MAKE IT HOT. COOL IT DOWN. TURN IT OVER

June 8th – 10th, 2018. @Safehouse, Peckham, London. 

Make it Hot. Cool it Down. Turn it Over. was a year long season dedicated to thinking around hybrid practices, porous bodies, dirty materials and messy questions. What happens to an exhibition process when channelled through and practiced as ‘compost’?
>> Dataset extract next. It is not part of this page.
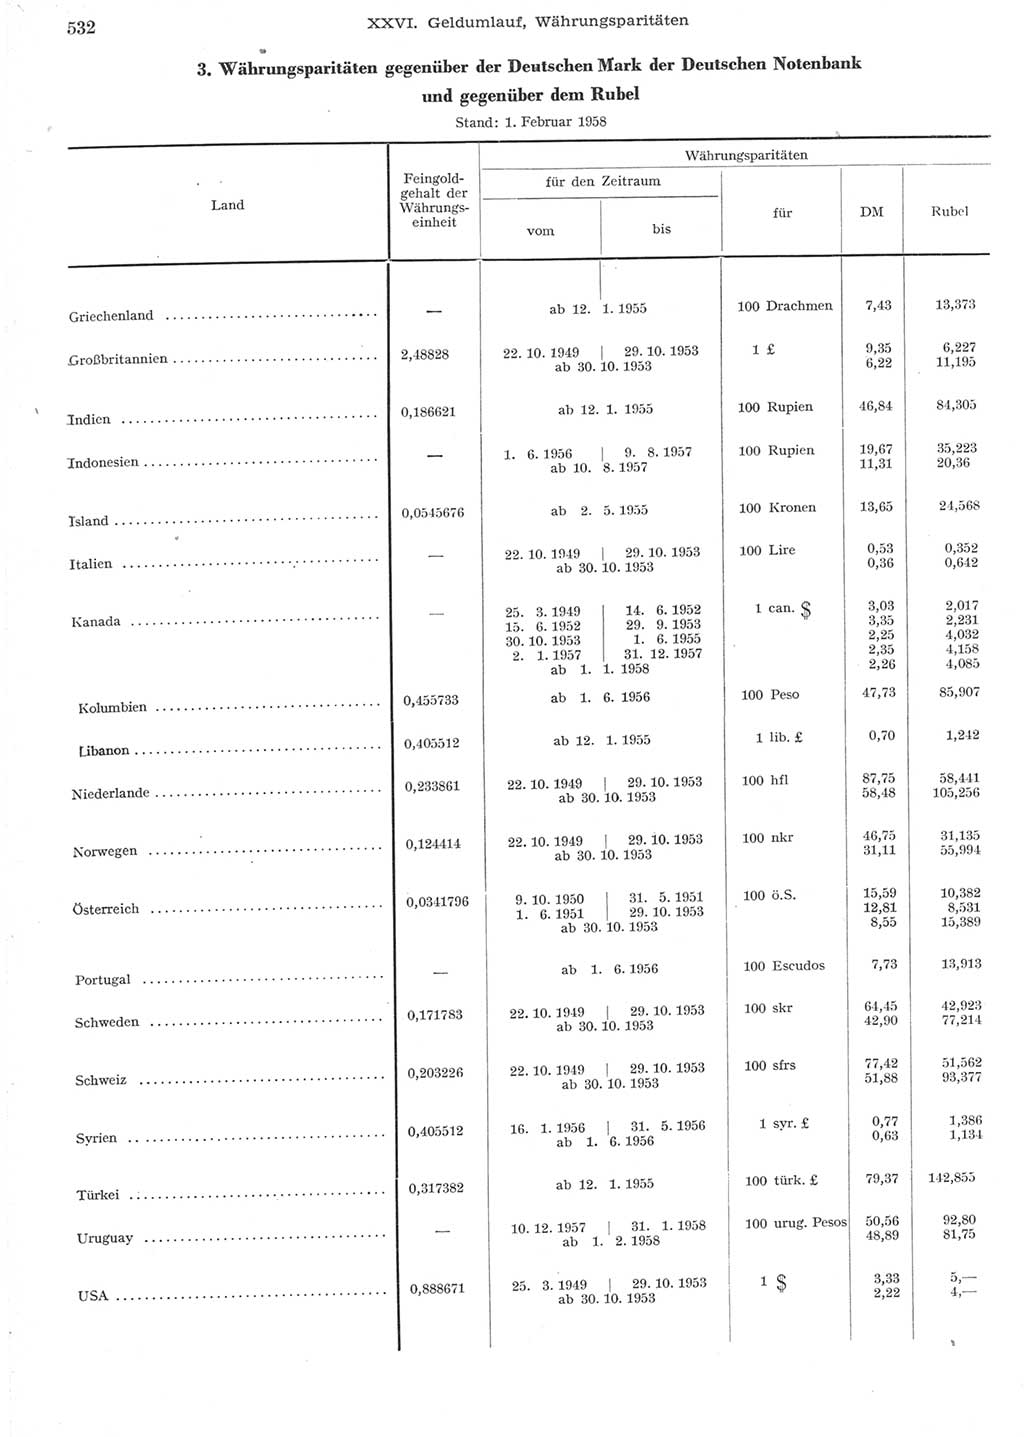 Statistisches Jahrbuch der Deutschen Demokratischen Republik (DDR) 1957, Seite 532 (Stat. Jb. DDR 1957, S. 532)

We turned to the subterranean living world, in which numerous creatures mutually decompose discarded matter into rich soil, as it helped us to think about the process of coming together and engaging in a ‘hot’ conversation. We were struck by the fact that compost is as much about com-position, ‘putting together’, as it about de-composition, and thus ‘taking apart’: there might be loose contact or engaged dissent, tender touch or hostile rejection. And certainly, questions permeate the pile only to be multiplied: What are the conceptual limitations of working with this organic figure of compost and how is it re-worked when pushed and pulled in different directions, when brought in contact with synthetic, manufactured, or inert materials? What are the overarching implications when waste is turned into value? Who is part of the pile and who is not?
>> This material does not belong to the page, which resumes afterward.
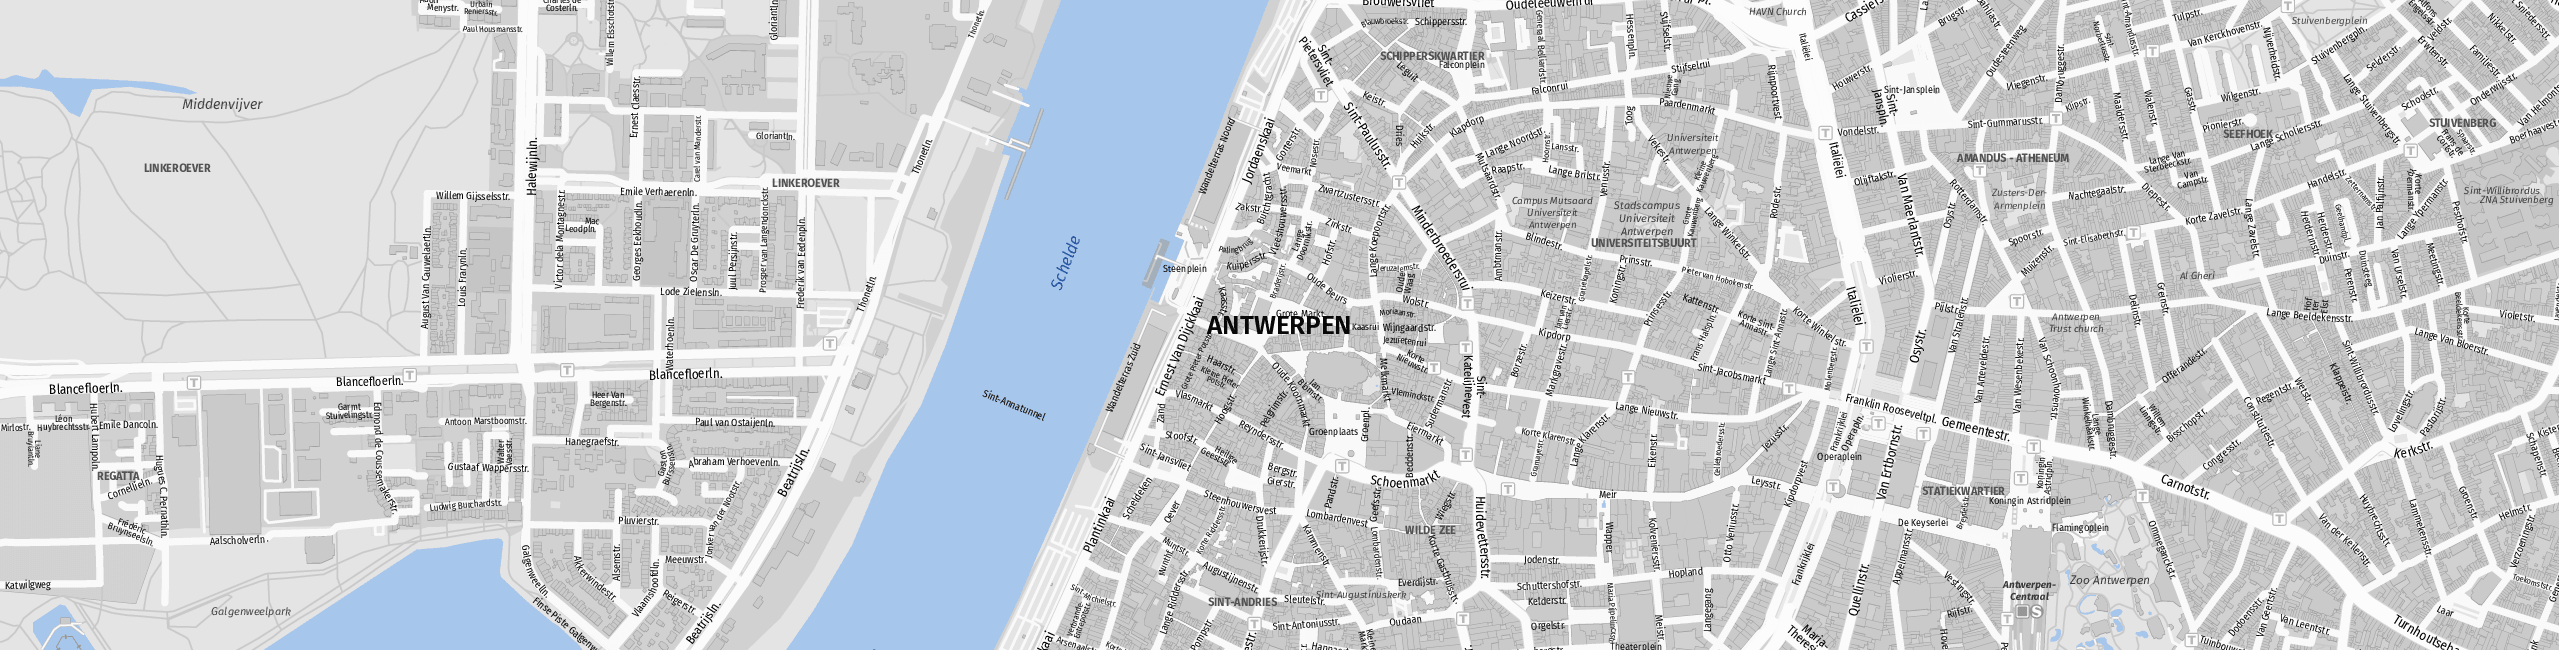 Stadtplan Anvers zum Downloaden.

The pile is porous and open to material and immaterial bodies, and thus takes the hostis serious, not knowing if these encounters lead to symbiotic, parasitic, fertile or dysfunctional relationships. We were curious about surprising changes that can arise from such open spaces, in which practices, bodies, sounds, and smells affect and penetrate each other.

 

 

 

ARTISTS

Daniel V. Keller , Rafal Zajko, Miriam Naeh, Daisy Parris , Alecs Pierce

 

“Rubble Bubble” (2018), Rafal Zajko
“Coordinates Extended” (2018), Daniel Keller
“Beneath a Tent, a Performance for Strings and Voice” (2018), Alex Pierce and Zoe Annesley
“Flora and Fauna [Oh, and One Transitional Object]” (2017), Miriam Naeh
“Things That Don’t Touch” (2017), Daisy Parris

COLLABORATORS

Alex Culshaw, Patrick Goddard, Gail Pickering, Dylan Edwards, Kerin Hille, Rachel Wilson, Zoe Annesley, Kilian O’Dwyer, Andrea Popelka, Lamin Fofana, Human Interface Task Force (Anna Mikkola and Matildaq Tjader), Malte Kobel and Mark Peter Wright, Kajsa Lindgren, Christopher Schmidt, Stefanie Schwarzwimmer, Sera Tansel, Emily Sarsam, Makkam

 

Fermentation workshop ran by Emily Sarsam
Film screening “(Re)presenting Communal Space” curated by Kerrin Hille and Rachel Wilson, with contributions by Gail Pickering, Patrick Goddard and Alex Culshaw

Dears,
Thinking about the compost again. Somehow, I feel we are not done with it, and that we can extend this and complicate (or test) it by contrasting it with other images, or leave the compost behind but go from there towards some unadressed questions. For Make it Hot, we needed it for specific reasons and used it for its proposition for sociality, but for our next adventure, I think we should use it as a model for something else: I am interested more in looking at it as a strange cannibalistic hybrid of things. A pile where everything gets thrown into, filtered – unfiltered? and then see what happens.
Maybe we look at the compost a bit more in a sense of why this seems to be a relevant model today, and equally look at its the pitfalls. We were reluctant about the organic aspect of the compost, because this forecloses a lot of things that we are surrounded by today. So we don’t want to think the compost not too literal and invent a new way how compost could work. I would love to see really weird things that people have done and thought about “composting” (or more associatively about hybriditiy and transformational processes) or how artists used to work with garbage where absolutely nothing disintegrates, because their idea of the issues of garbage might have been quite different, or to see things that produce heat so that ideas can flourish, or failings attempts of combining things, collectives that lasted very short / forever, alchemists, expressions of desire for contact, what is created when things are merged: monsters? medicine? Gold?
The touch of Midas
There was once a king named Midas who did a good deed for a Satyr and was granted a wish by the God of wine, Dionysus. For his wish, Midas asked that whatever he touched would turn to gold. Although Dionysus tried to dissuade him, Midas insisted that the wish was an excellent one, and it was granted! Excitedly, Midas went about touching all sorts of things, turning them into gold. Soon Midas became hungry. He picked up a piece of food, but he couldn’t eat it, for it had turned to gold in his hand! “I’ll starve,” moaned Midas, “Perhaps this was not such a good wish after all!” Midas’ beloved daughter, seeing his dismay, threw her arms about him to comfort him, and, she too turned to gold! “The golden touch is no blessing,” cried Midas. He went to the river and wept. The sand of that river turned as yellow as “fool’s gold” for it is there, they say, that King Midas washed away the curse of the golden touch with his own tears.